Over the past few months, we have been advised on the things that we can do to physically help protect ourselves and others against the novel coronavirus. The things that may seem small are incredibly significant, such as washing and sanitizing our hands, standing six feet away from the people around us, coughing into our arm instead of our hands and using cloth face coverings when in public. These small things are saving lives which leads us to the question: what are the small things that we can do to save our mental wellbeing? It’s no secret that this pandemic has wreaked havoc on our economic way of life. Millions have either lost jobs or been ushered into working from home, which yes is an answer to a temporary problem, but comes with difficulties, like working in a not so peaceful environment.
Many essential employees, such as doctors, nurses, pharmacists, technicians, grocery workers, and convenient store workers among others, are still working, still putting their lives on the line. Whether working or unemployed, many of us will suffer with increased anxiety and depression. We will come out of this, but we will not come out of this unscathed. Some of us will be newly diagnosed with post-traumatic stress disorders (PTSD); others with a higher degree of anxiety and fear. So, how do we begin to build our mental resilience?
Monitor Your News Intake
One of my friends compared his anxiety to a cell phone. Your phone is charged at 100%, but as the day progresses that battery starts dying. Why? Because of background apps that you are no longer using, but are still running and draining the battery. COVID-19 and the news are those background apps. Though you may have shut the news off hours ago, it’s still running in the back of your mind. Try limiting how long you consume information about COVID-19. Instead fill your mind with other things, like reading a book or a magazine.
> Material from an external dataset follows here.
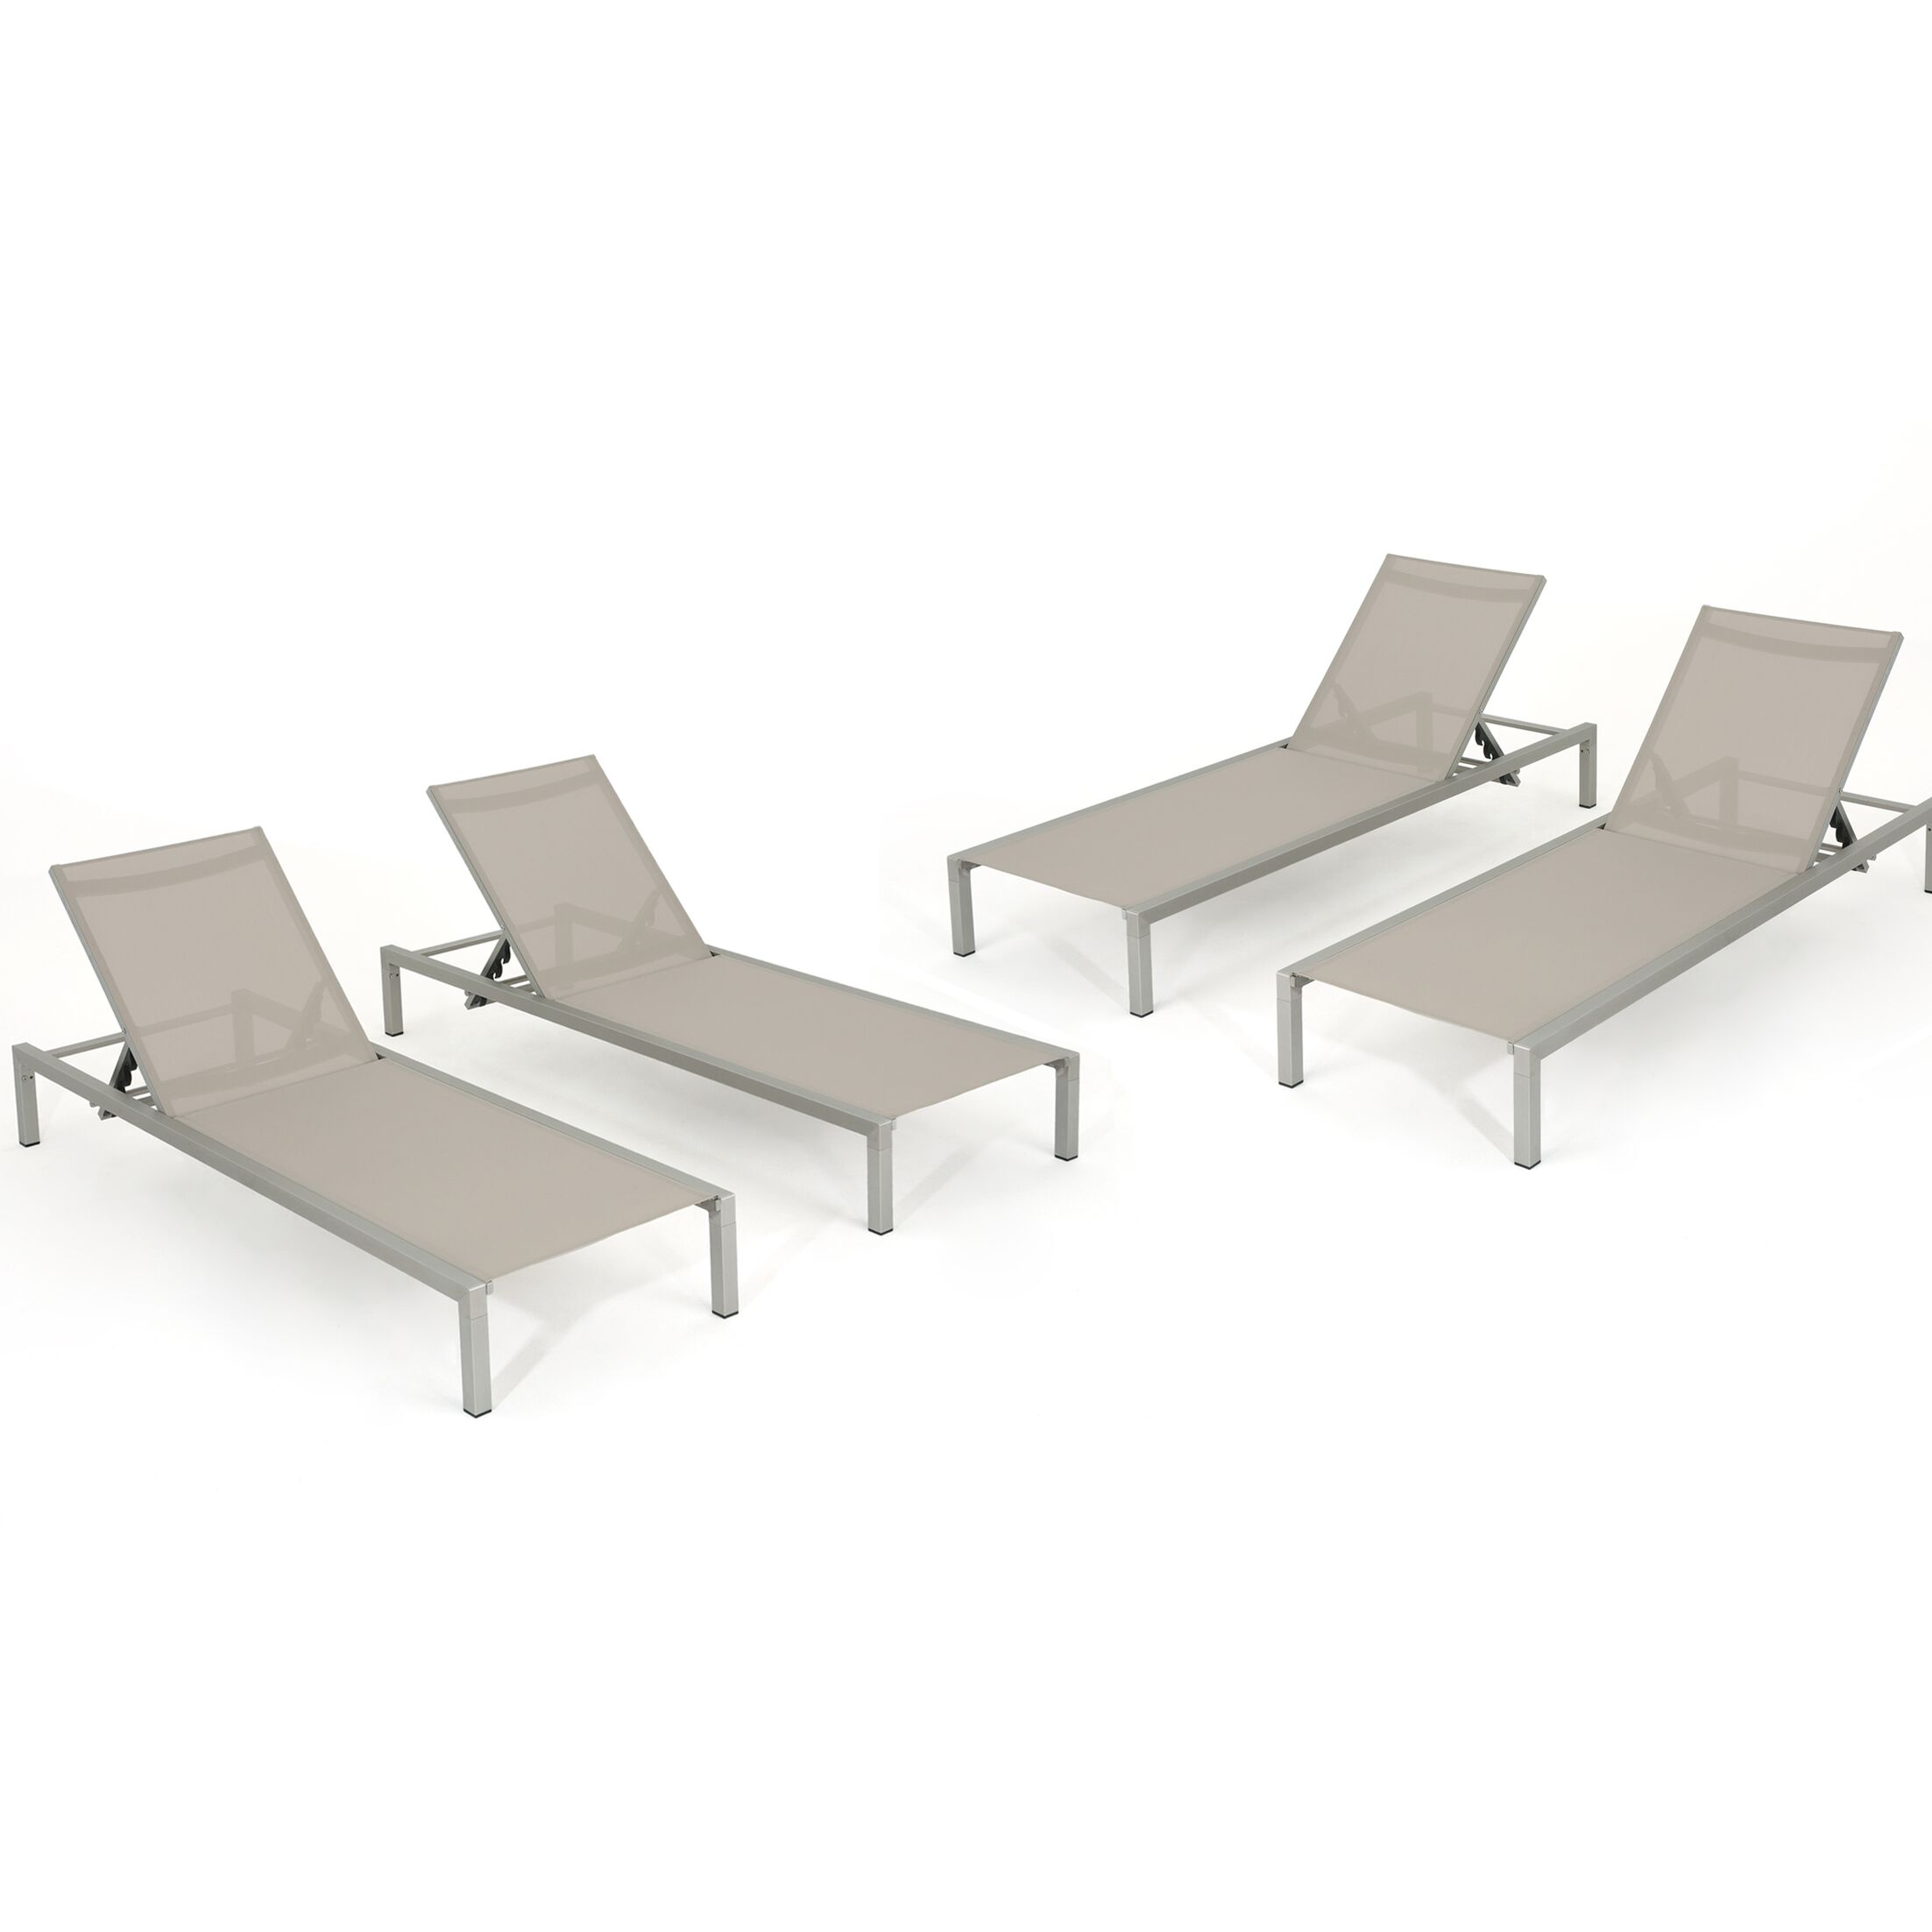 Sumfleth Reclining Chaise Lounge

When you want to equip yourself with the latest information make sure that you’re receiving it from reliable sources such as the World Health Organization (WHO) and the National Health Service (NHS).
Stay in Touch with Family and Friends
Even the most introverts of all introverts need at least one friend. Being social, while practicing social distancing, is like a home remedy that you didn’t know would work, nor did you know you would need. Try incorporating something fun like video chat, virtual happy hours, or online games with your friends. Microsoft Teams, Zoom, and WhatsApp are all platforms that offer free group video chats. If you and your friends are Apple users, group Facetime is already at your disposal! Netflix is currently offering Netflix Party for free, which gives you the ability to watch movies with your friends, allowing you the opportunity to chat with them while you watch. So, grab your popcorn, chocolate covered raisins, and your favorite soda pop because it sounds like a movie night to me!
Get Active and Stay Hydrated
Some local gyms that have streaming abilities or social media platforms are sharing workouts for free. Because they know that you can’t come to them, they’re making it easier for you. If your local gym isn’t live streaming workouts to do from home, go on over to YouTube. It’s truly a gold mine. You will find yoga, Zumba, Pilates, practically anything you could want. On top of that, there are several fitness challenges circling social media that you can participate in with or without your friends, but of course with friends is more fun. Lastly, stay hydrated. It’s easy to not drink enough water when we’re not on the go as much, but our bodies still need adequate hydration. Get some lemons or oranges to spruce up your water. We could all use some extra Vitamin C.
Watch a Comedy
You’ve heard it before laughter is the best medicine, and it’s true. Hearing someone else laugh will either make you laugh, or at the very least bring a smile to your face. We could always use some laughter. When it comes to all-things comedy, Netflix is the perfect place to start. Stand-ups, romcoms, family comedy, action-comedy, you’ll find it there.
Meditate in the Morning and/or Night
Meditating is about focusing your mind. Our minds are constantly going and even more so now. There’s a lot of noise¬–news, personal fears, etc. With meditation you practice training your mind to be aware of your thoughts, focusing them and bringing overall stability to your mental and emotional state. Jumping right into meditation, on your own, may make you think that it doesn’t work, and if that’s the case try doing guided meditations. Balance: Meditation by Elevate, Inc. is currently offering its meditation app free for a year. So, if you’ve ever thought about trying it, now’s the time. Getting up before the rest of your house and taking a few minutes to yourself with this app will make a difference even it’s just for you.
Virtually Talk to a Therapist
If you currently have a therapist, check-in to see if they’re offering virtual sessions through video chat or email. Many therapists are switching to this style of tele-health to better assist their patients during this time. If you don’t currently have a therapist, check out sites such as AmWell, BetterHelp, and TalkSpace. They’re offering weekly counseling sessions starting at $40/week.
It’s true, our normal has changed, and we have to change with it. We have to learn what can help us and what won’t. That may look different for every human being. For some that may be meditation, yoga, a new sport, therapy, or medication. We not only have to be transparent with ourselves and each other, but we have to be gentle. Our world has been disrupted and as we rebuild, we have to lean into each other, into our beliefs, and into ourselves. It may not seem like it now, but something great will come out of this!